Специально для сайта Литературного института руководитель семинара поэзии Сергей Арутюнов написал статью о своем первом мастере – времен подготовительных курсов – Юрии Давидовиче Левитанском
Сколько можно понять из довольно сбивчивых и неподробных объяснений Интернета, его книга «Меж двух небес» 1996-го года всё-таки была посмертной: он умер 25-го января 1996-го года, в «студенческий» Татьянин день, и вряд ли успел бы сполна насладиться изданием, выйди оно даже в первые дни года.
Следовательно, последним его прибежищем при жизни были «Белые стихи» 1991-го. На «45-й параллели» всего четыре его стихотворения той поры. Из одного из них («День все быстрее на убыль…»)– три предпоследних строфы:
И за разводами снега
вдруг обнаружится след
синих предгорий Казбека,
тень золотых эполет,
и за стеной глухомани,
словно рисунок в альбом,
парус проступит в тумане,
в том же, еще голубом,
и стародавняя тема
примет иной оборот...
Лермонтов. Облако. Демон.
Крыльев упругий полет.
С некоторой паузой, претендующей на значимость «отсечки» сказанного, – последняя строфа:
И, словно судно к причалу
в день возвращенья домой,
вновь устремится к началу
свет фиолетовый мой.
***
…Теперь мне непоправимо странно, что душа моя, способная на столь многие словесные излишества в последние годы, будто бы развязавшие язык, освободившие его от малейшей стеснительности перед воображаемым неприятием, ни разу ещё не вознамерилась написать о первом учителе.

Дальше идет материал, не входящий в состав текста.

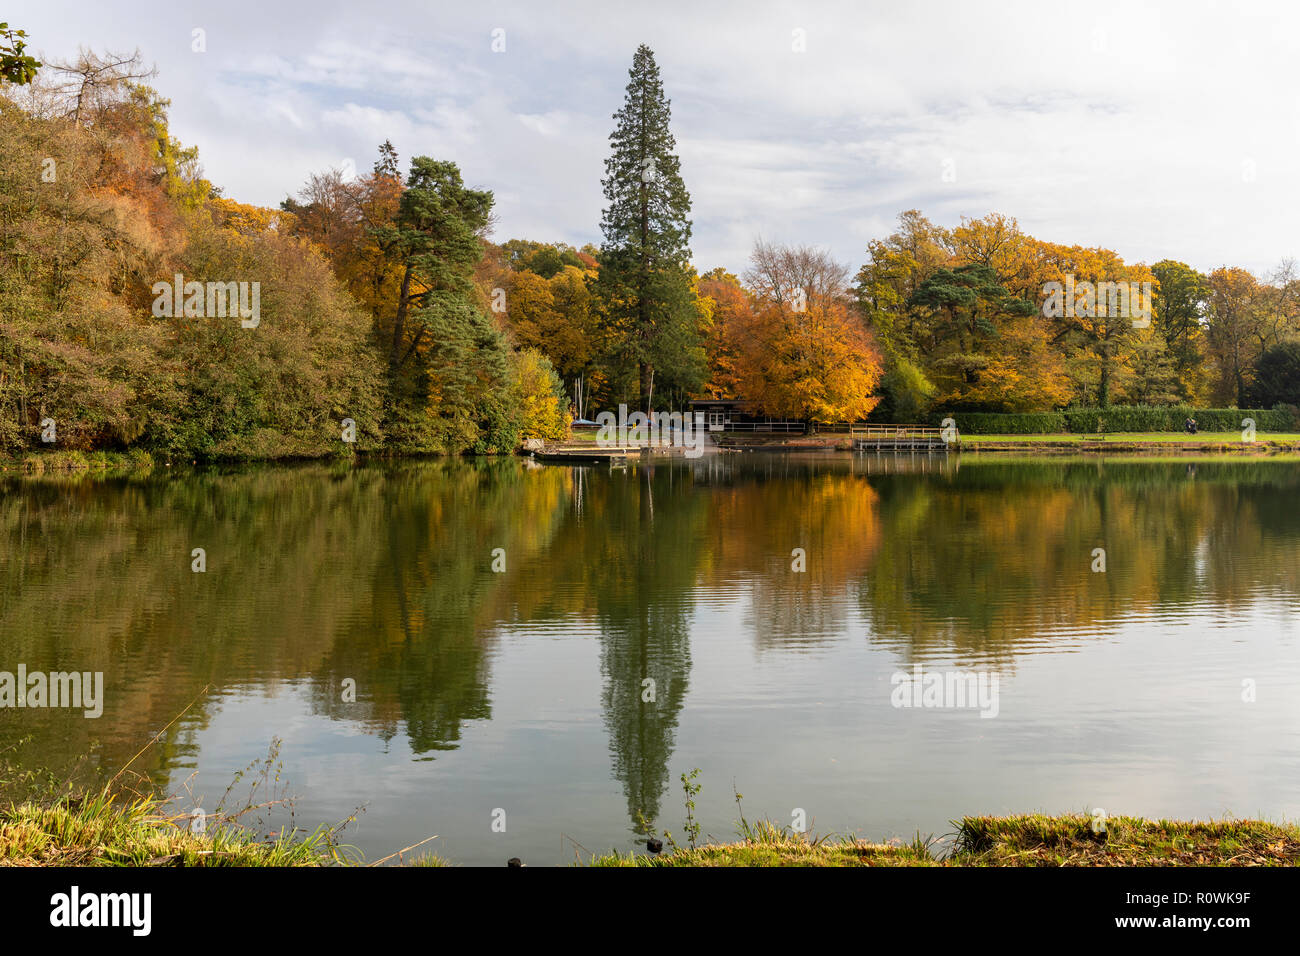 Autumn reflections in the water from the trees around Shearwater lake, The Longleat Estate, Wiltshire, England, UK Stock Photo

Истинный крест: мне казалось – что писал, что было где-то в записках небольшое эссе, но проверил – нет. Значит, сейчас.
***
Нас прикрепили к нему в 1994-м, на подготовительных четырёхмесячных курсах в Литинститут. Параллельно с нами, курсистами, занимались лицеисты, тоже будущие абитуриенты, но, кажется, прикреплённые к семинару другого мастера.
Я увидел его впервые ещё при свете дня, ещё зимнего, серого, оттепельного московского дня, увесисто сидящего за учительским столом, немного подавшись вперёд. Крепыш, определил я, боровик, и это была чистая правда. Он был крепок. Невысокий рост его компенсировался удивительной гармонией сложения. Серый костюм обтягивал могучие плечи, ноги. Фигура его напоминала амфору, или, быть может, металлический кувшин, расширяющийся вверх: грудь молотобойца, руки рабочего.
В них он сжимал, крутил, прикладывая изредка ко рту, пустую трубку, тёмно-коричневую до красноты.
Это был первый поэт, которого я увидел перед собой во плоти. Фронтовик, ещё из тех, настоящих, знающих цену жизни и смерти. Святой при жизни, очищенный огнём и горем – так я думал тогда и точно так же думаю сейчас. Из них в институте были ещё Старшинов, Ревич, Лобанов. Нам было, на кого опираться.
Голос его был не низок, но обертонами напоминал оторванный ветром от какого-то древнего храма лист серебра, фольгу в порыве, музыкальный инструмент и не духовой, и не скрипичный. Тенор.
Глаза, умевшие вдруг округлиться, никак нельзя было назвать «совиными» – от природы тёмные, они отливали серыми демисезонными тонами, и взгляд их порой терял плотность и устремлялся в сторону чего-то за пределами общедоступного видения.
Серая чёлка была безукоризненно пострижена, а голова кругла и упряма, как у тельца, понукаемого выйти на песок южной корриды.
***
Он мало говорил, предоставляя молодёжи резвиться в построениях вокруг стихотворений, отдельных фраз, и вывод его почти никогда не сопрягался с нами в области согласия или несогласия с очевидностями.
Он приводил фразы, контекстуально далеко отстоявшие от бунтующих и сплошь и рядом провисающих в пустоту строчек.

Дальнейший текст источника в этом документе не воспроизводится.